Generate Data Insights in No Time using AI

Build an AI app using Langchain to Analyze Data for Your Company

muffaddal qutbuddin
Towards AI

--

Image by Pete Linforth from Pixabay

One of the key challenges businesses face is gaining actionable insights critical for success. Both business leaders and data practitioners struggle to extract valuable insights from vast data pools. Non-technical team members often depend heavily on data teams to provide necessary figures, while data professionals are overwhelmed by the sheer volume of data and constant requests, leaving little room for creative problem-solving that goes beyond routine data extraction.

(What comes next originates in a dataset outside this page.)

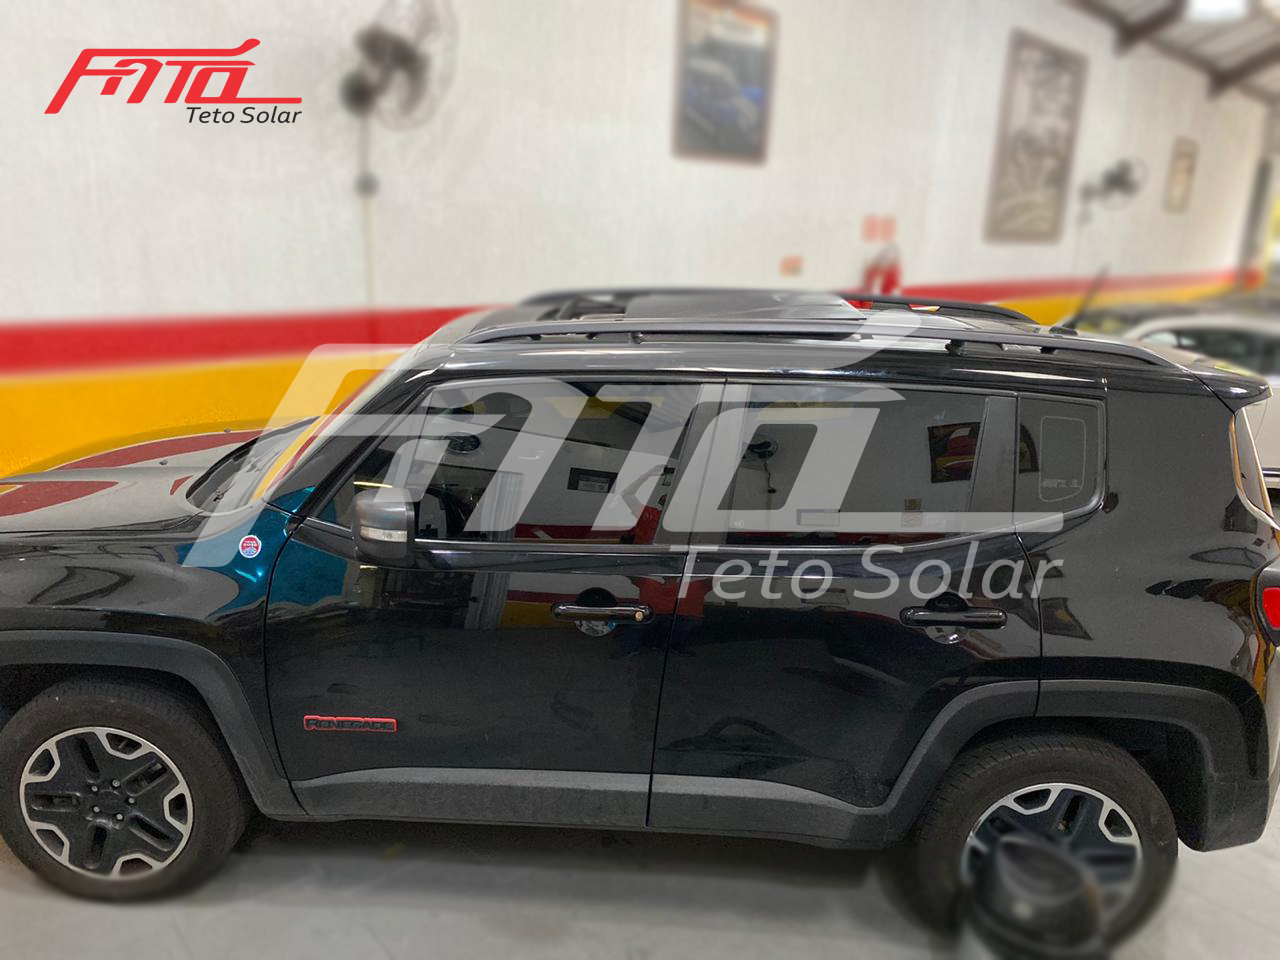 Conserto do Teto Solar no Jeep

The great news is that this challenge can be significantly mitigated using AI. Artificial intelligence can streamline the analysis of data and accelerate the extraction of insights. In this article, I will guide you through building an AI application that your internal teams can use to expedite the insights generation process. All they need to do is pose questions to the AI, and it will deliver relevant answers.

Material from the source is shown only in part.